All of the data should be restated word for word, with the pictures omitted.

DATA SECTION:
'''
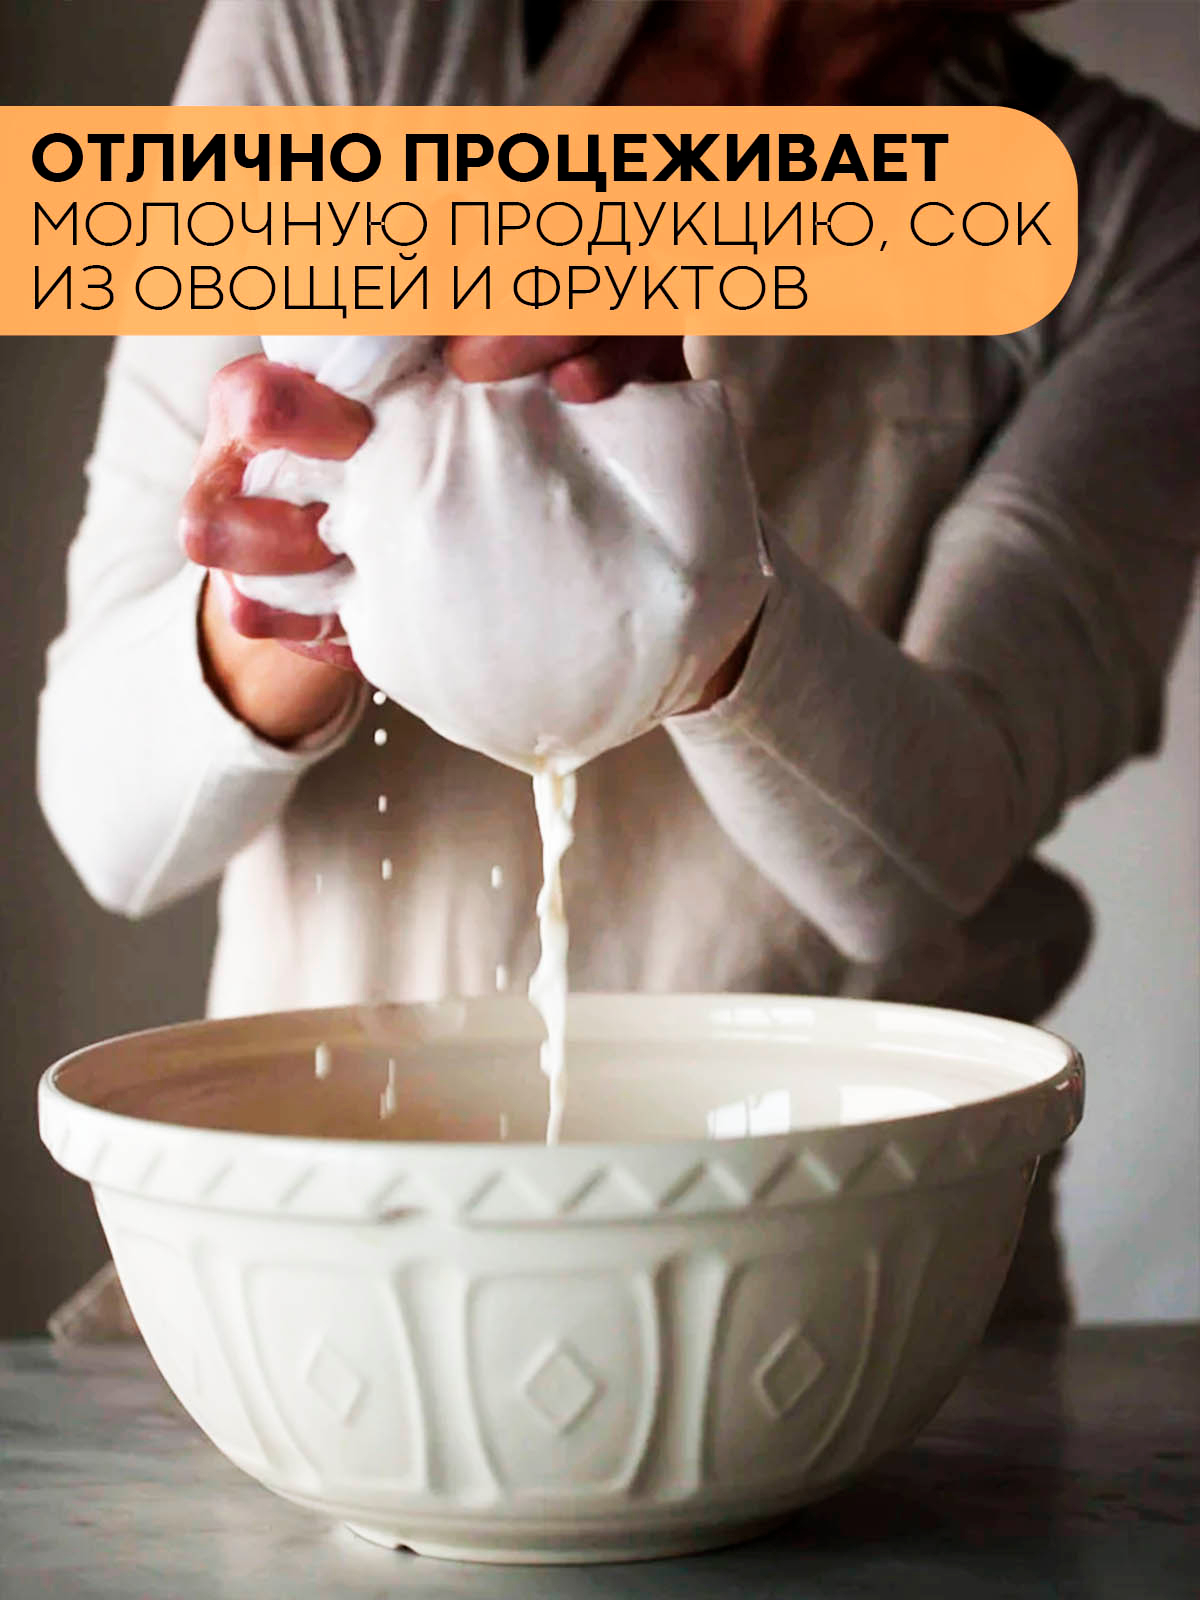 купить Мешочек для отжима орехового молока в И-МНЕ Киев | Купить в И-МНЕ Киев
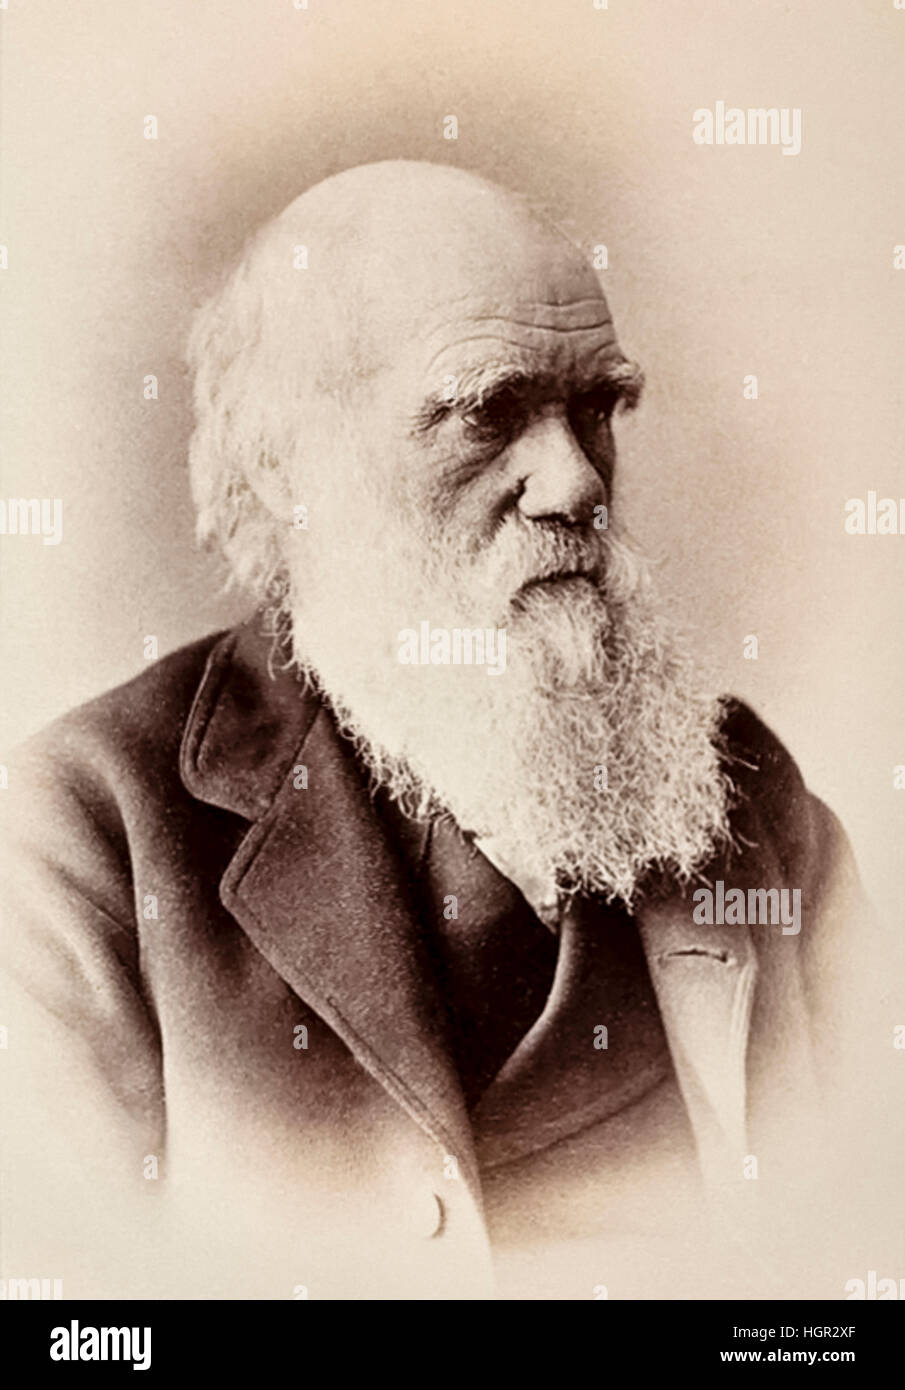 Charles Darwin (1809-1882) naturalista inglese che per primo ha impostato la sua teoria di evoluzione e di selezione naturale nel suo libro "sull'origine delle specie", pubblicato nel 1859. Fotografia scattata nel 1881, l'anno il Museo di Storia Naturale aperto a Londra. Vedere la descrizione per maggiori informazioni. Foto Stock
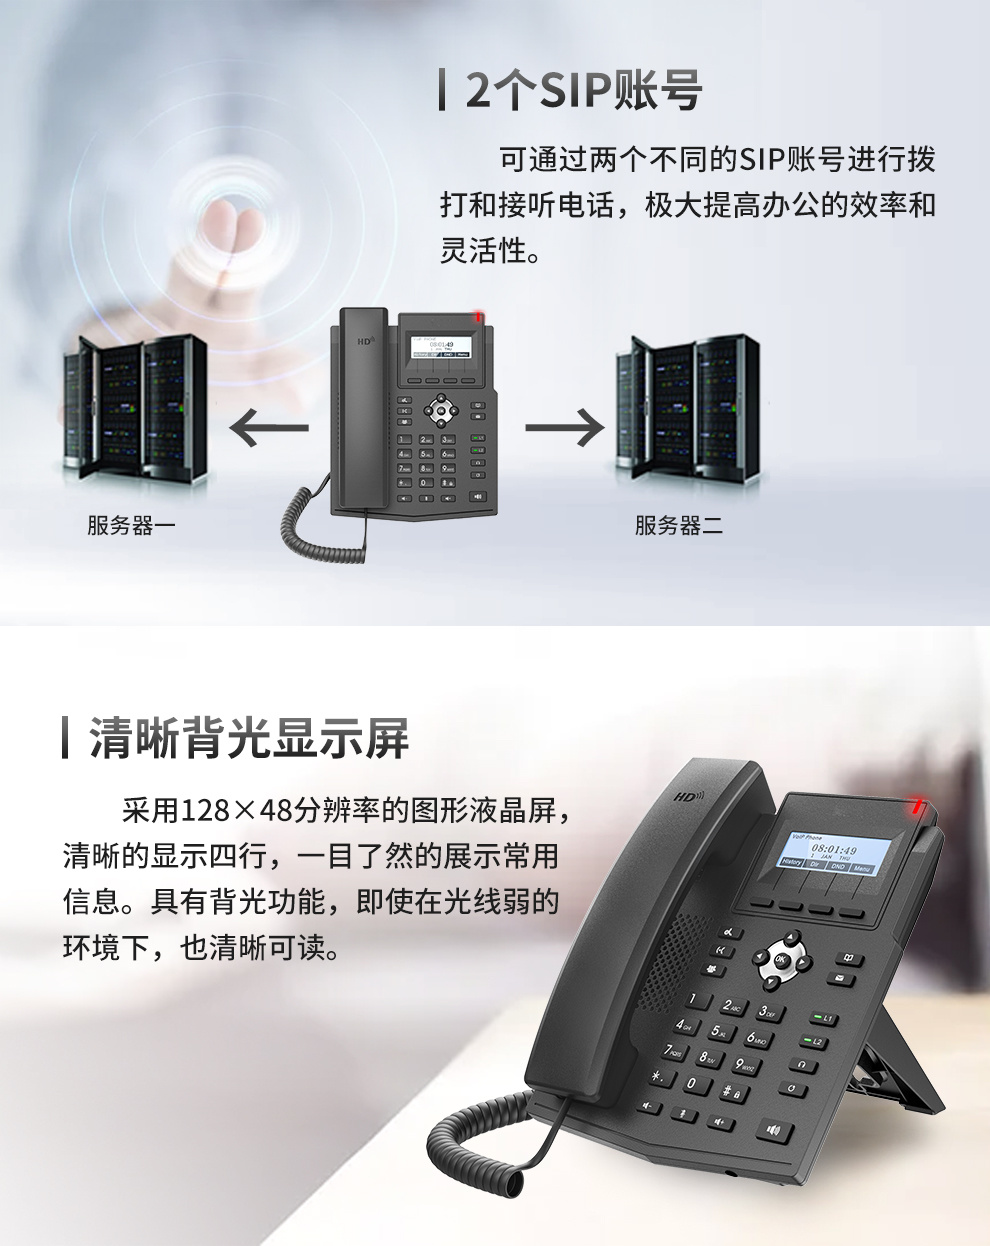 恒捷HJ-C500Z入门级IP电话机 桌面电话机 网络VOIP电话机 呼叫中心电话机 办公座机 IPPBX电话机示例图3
'''
RESPONSE FOR THIS EXERCISE:
 купить Мешочек для отжима орехового молока в И-МНЕ Киев | Купить в И-МНЕ Киев
 Charles Darwin (1809-1882) naturalista inglese che per primo ha impostato la sua teoria di evoluzione e di selezione naturale nel suo libro "sull'origine delle specie", pubblicato nel 1859. Fotografia scattata nel 1881, l'anno il Museo di Storia Naturale aperto a Londra. Vedere la descrizione per maggiori informazioni. Foto Stock
 恒捷HJ-C500Z入门级IP电话机 桌面电话机 网络VOIP电话机 呼叫中心电话机 办公座机 IPPBX电话机示例图3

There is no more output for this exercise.